Provided records: Begin
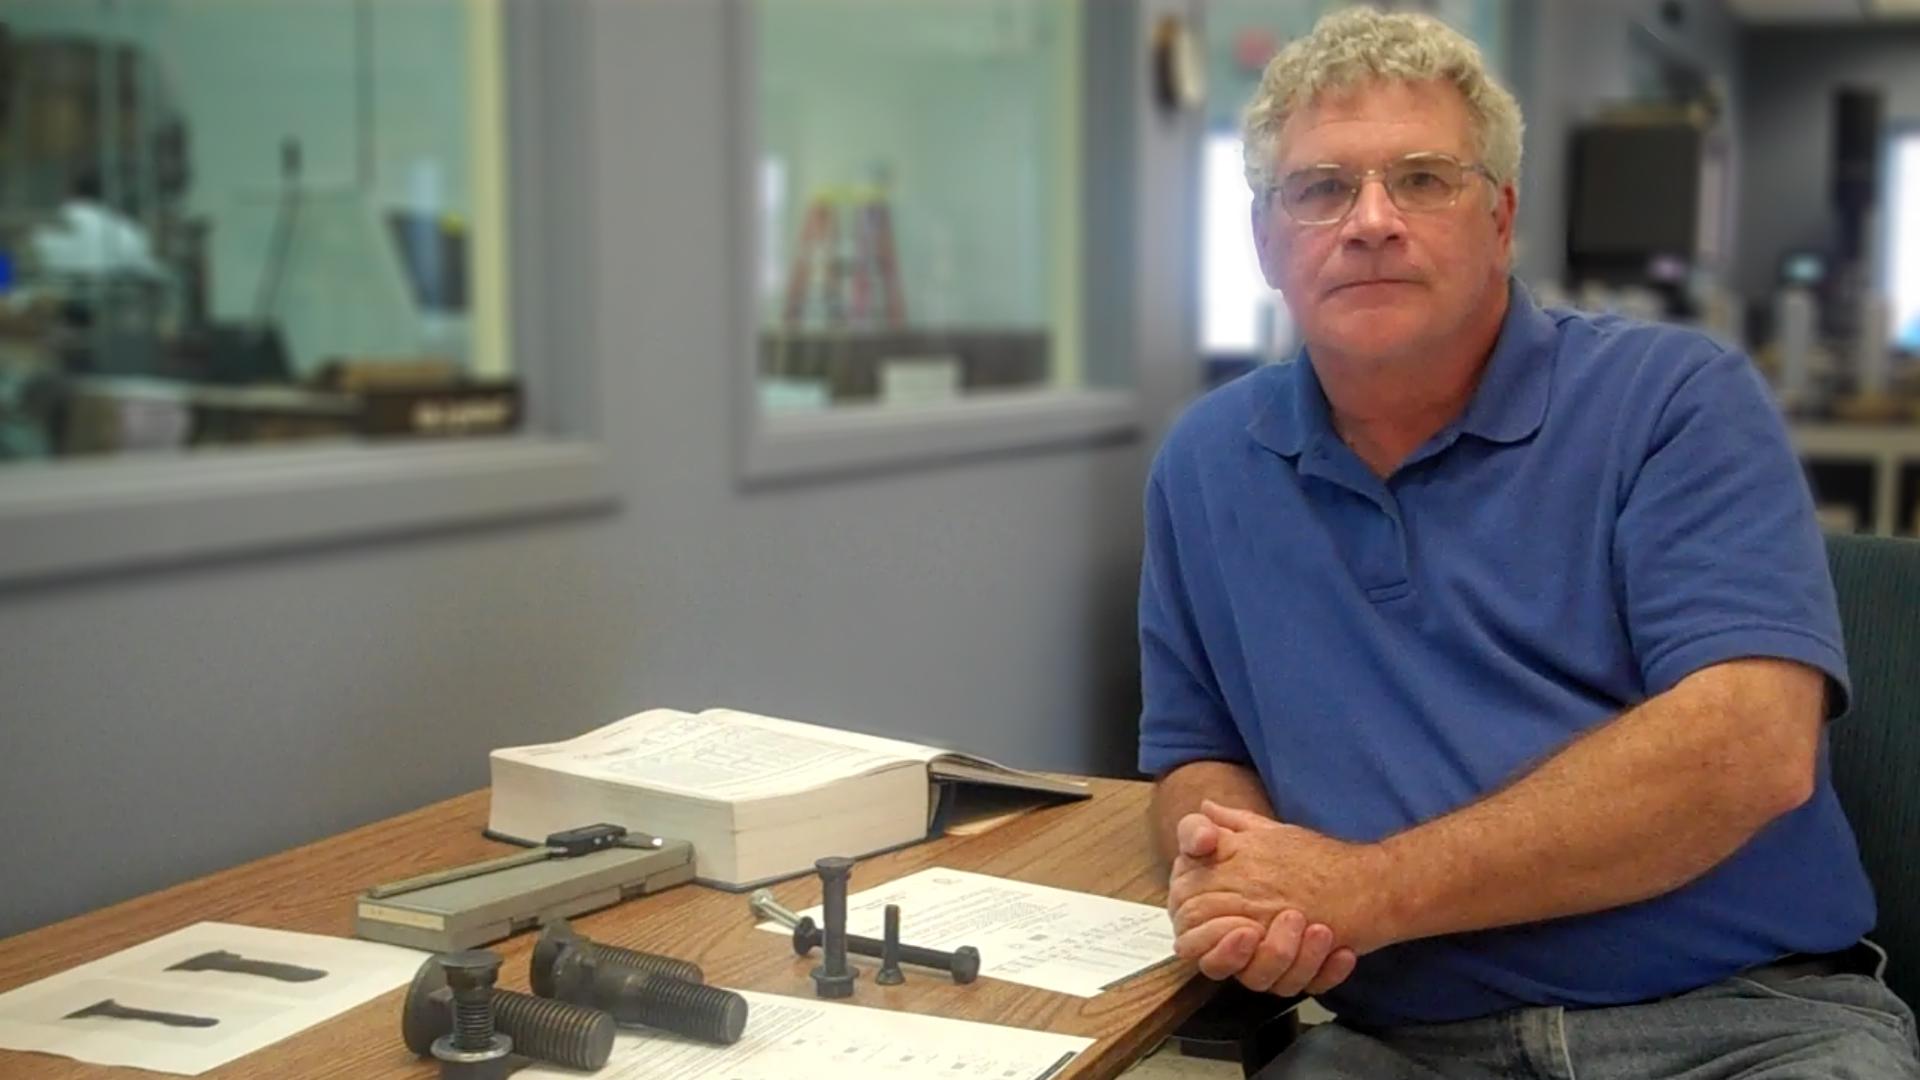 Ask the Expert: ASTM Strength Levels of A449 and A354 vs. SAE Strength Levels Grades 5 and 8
Provided records: End
Provided records: Begin
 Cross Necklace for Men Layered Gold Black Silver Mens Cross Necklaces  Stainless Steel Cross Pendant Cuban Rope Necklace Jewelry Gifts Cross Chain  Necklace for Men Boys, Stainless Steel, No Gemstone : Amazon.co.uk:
Provided records: End
Provided records: Begin
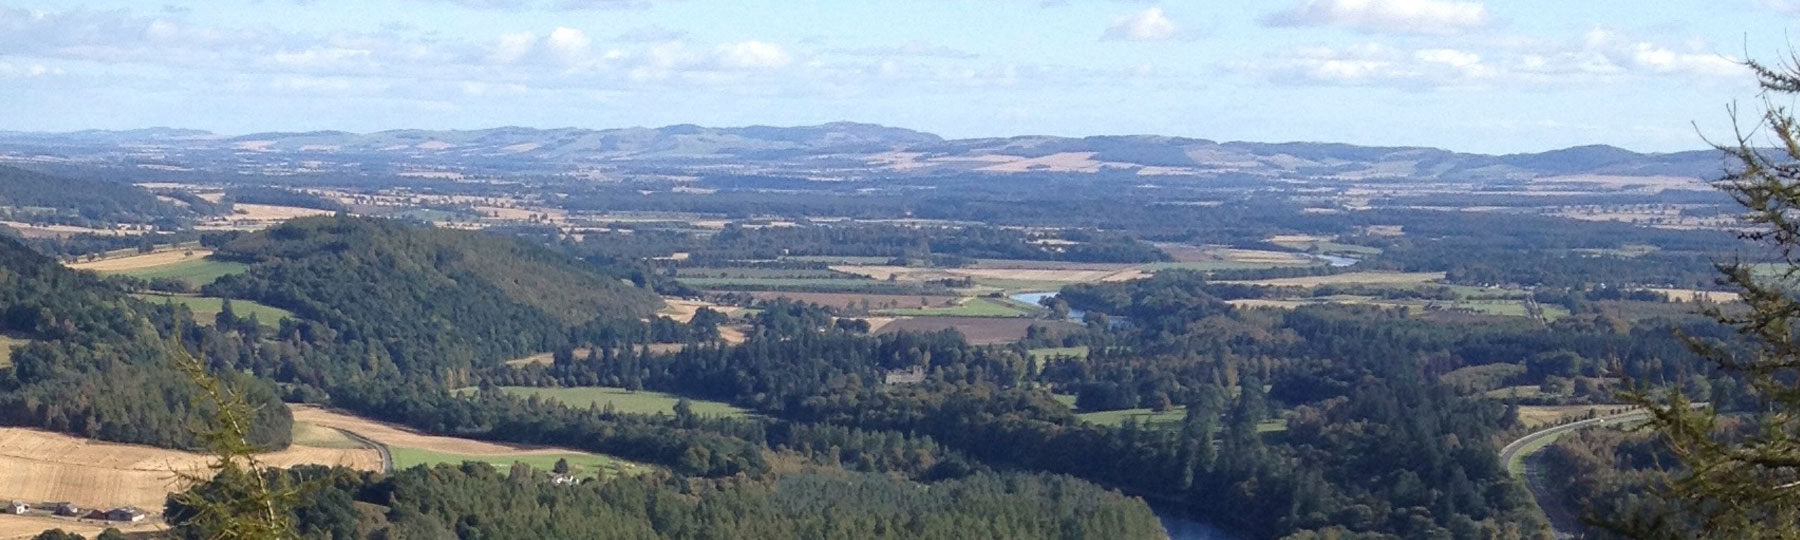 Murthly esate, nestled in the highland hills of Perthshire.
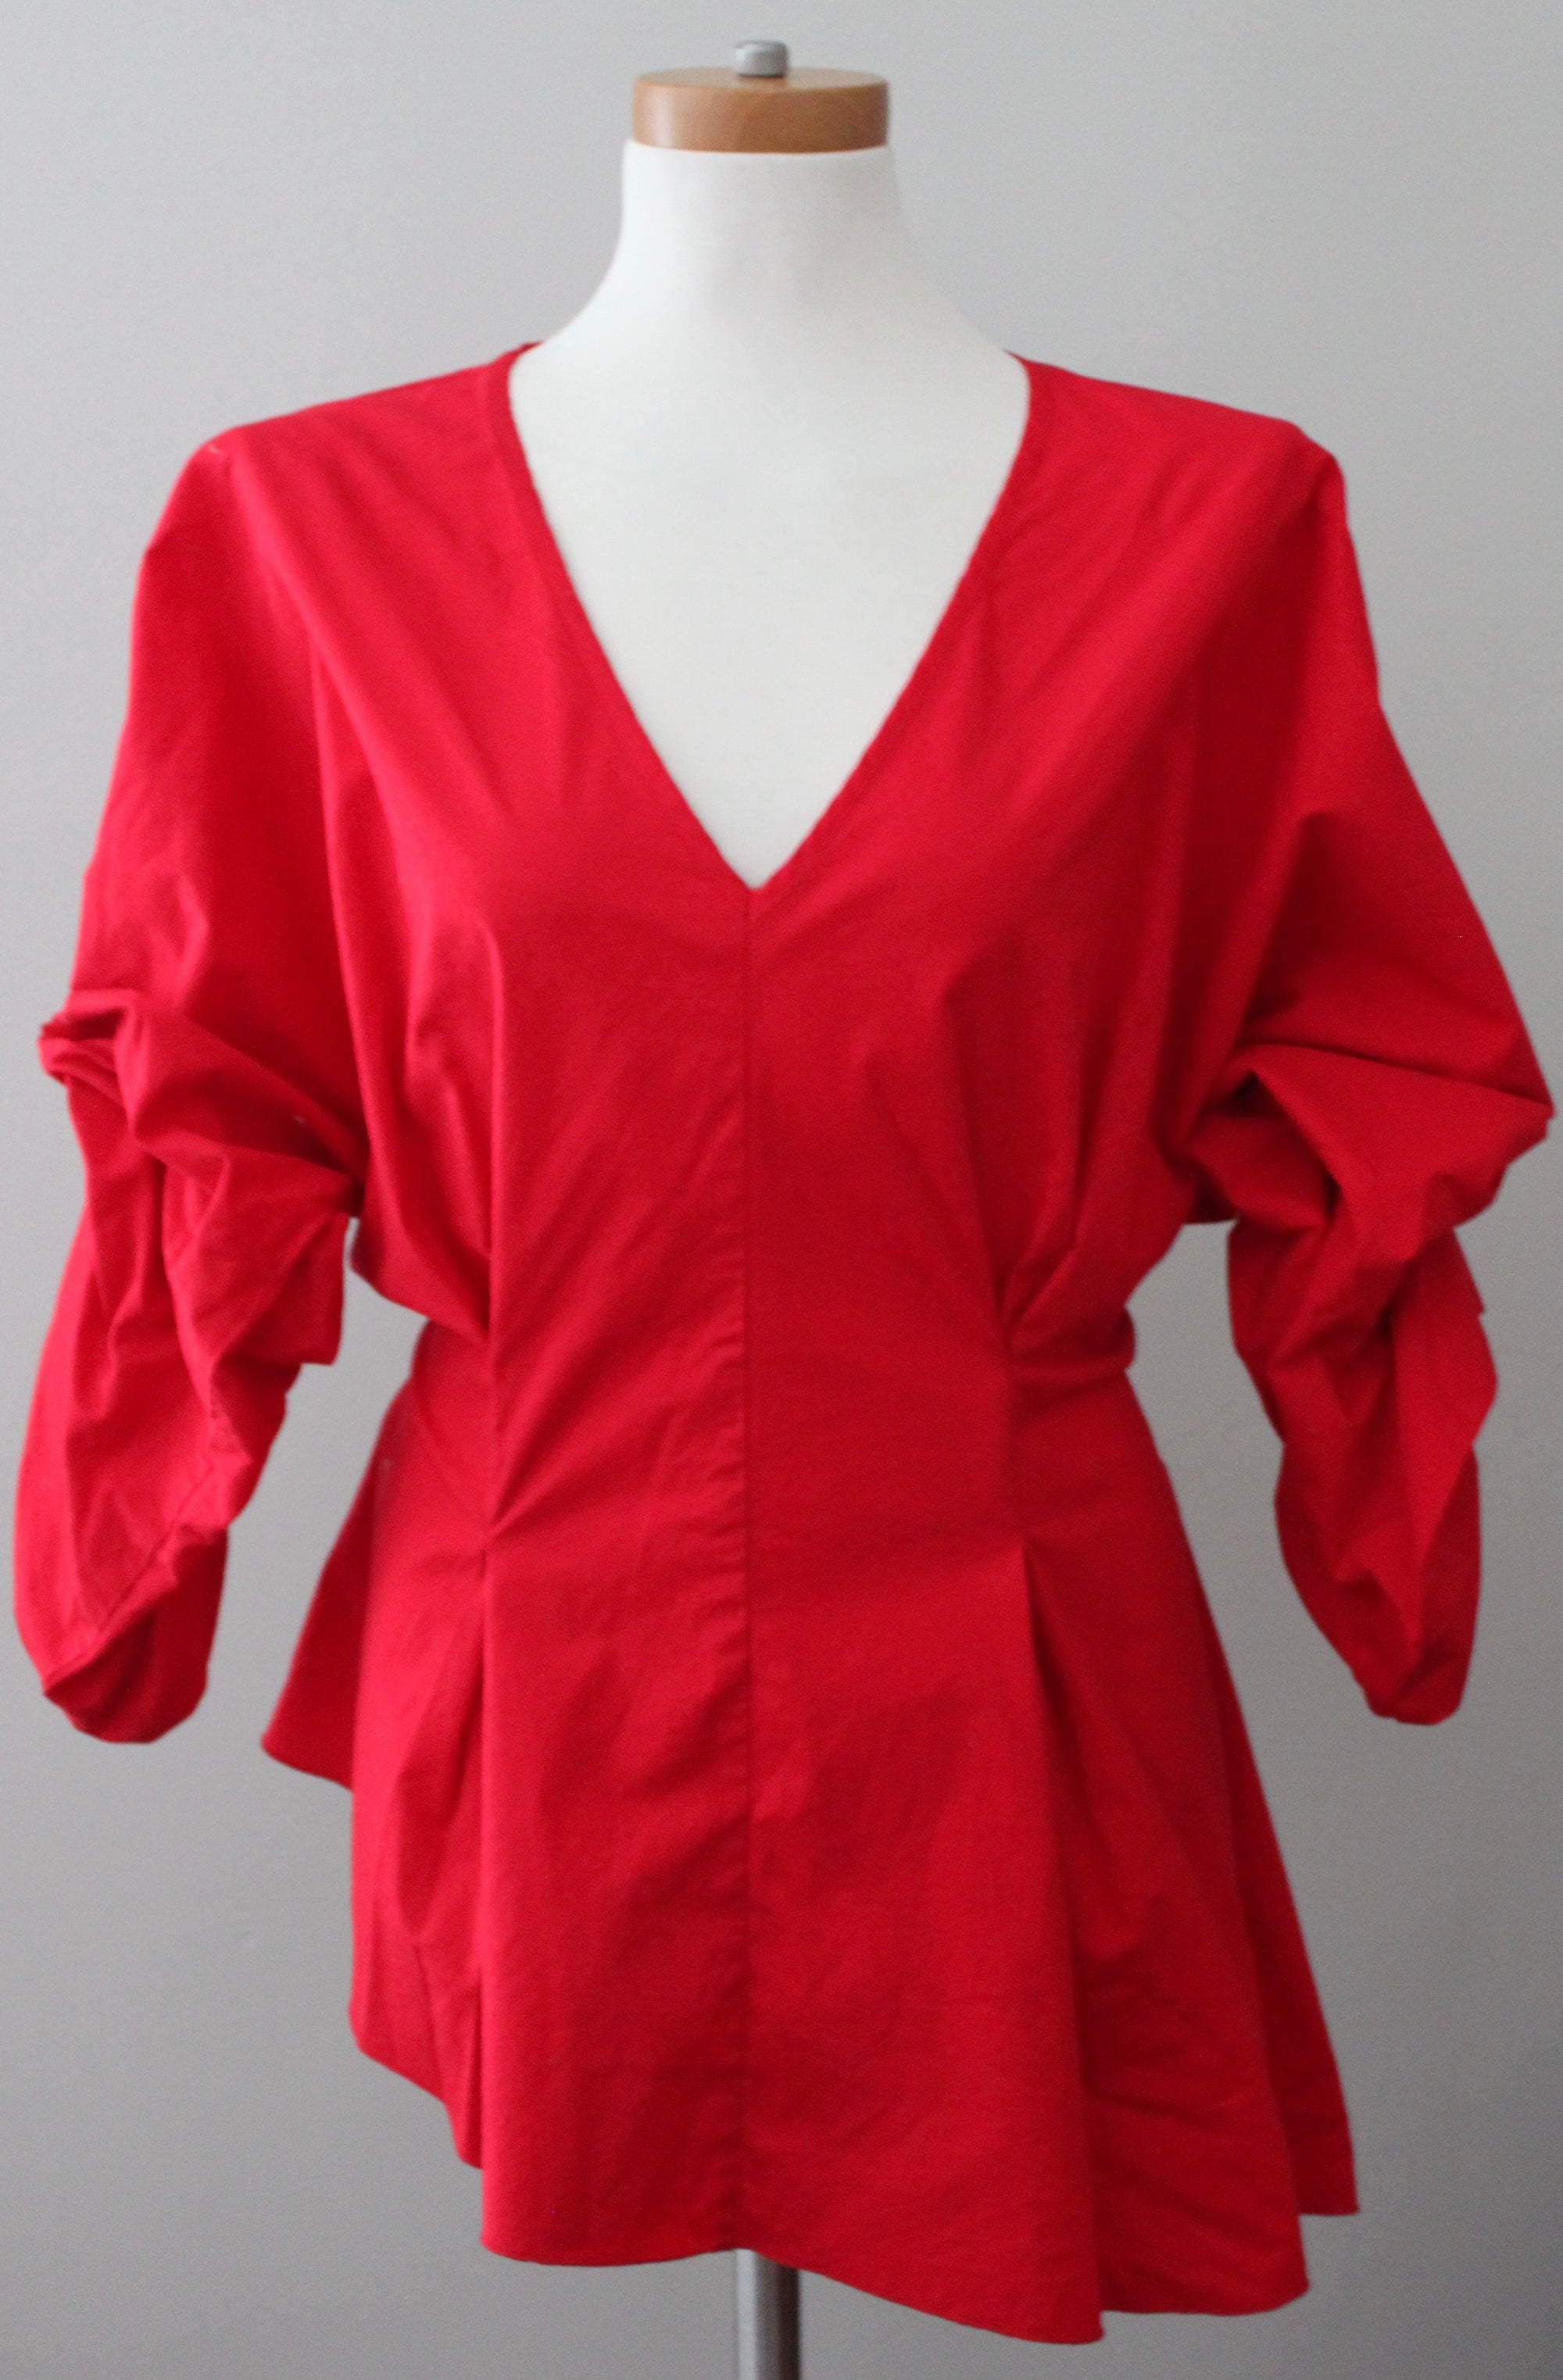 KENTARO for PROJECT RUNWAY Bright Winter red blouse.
Provided records: End
> Task item
The output is the stretch above from the line with "Murthly esate, nestled" through the line with "KENTARO for PROJECT", copied word for word with both ends kept and every picture dropped.

> Exercise answer
 Murthly esate, nestled in the highland hills of Perthshire.
 KENTARO for PROJECT RUNWAY Bright Winter red blouse.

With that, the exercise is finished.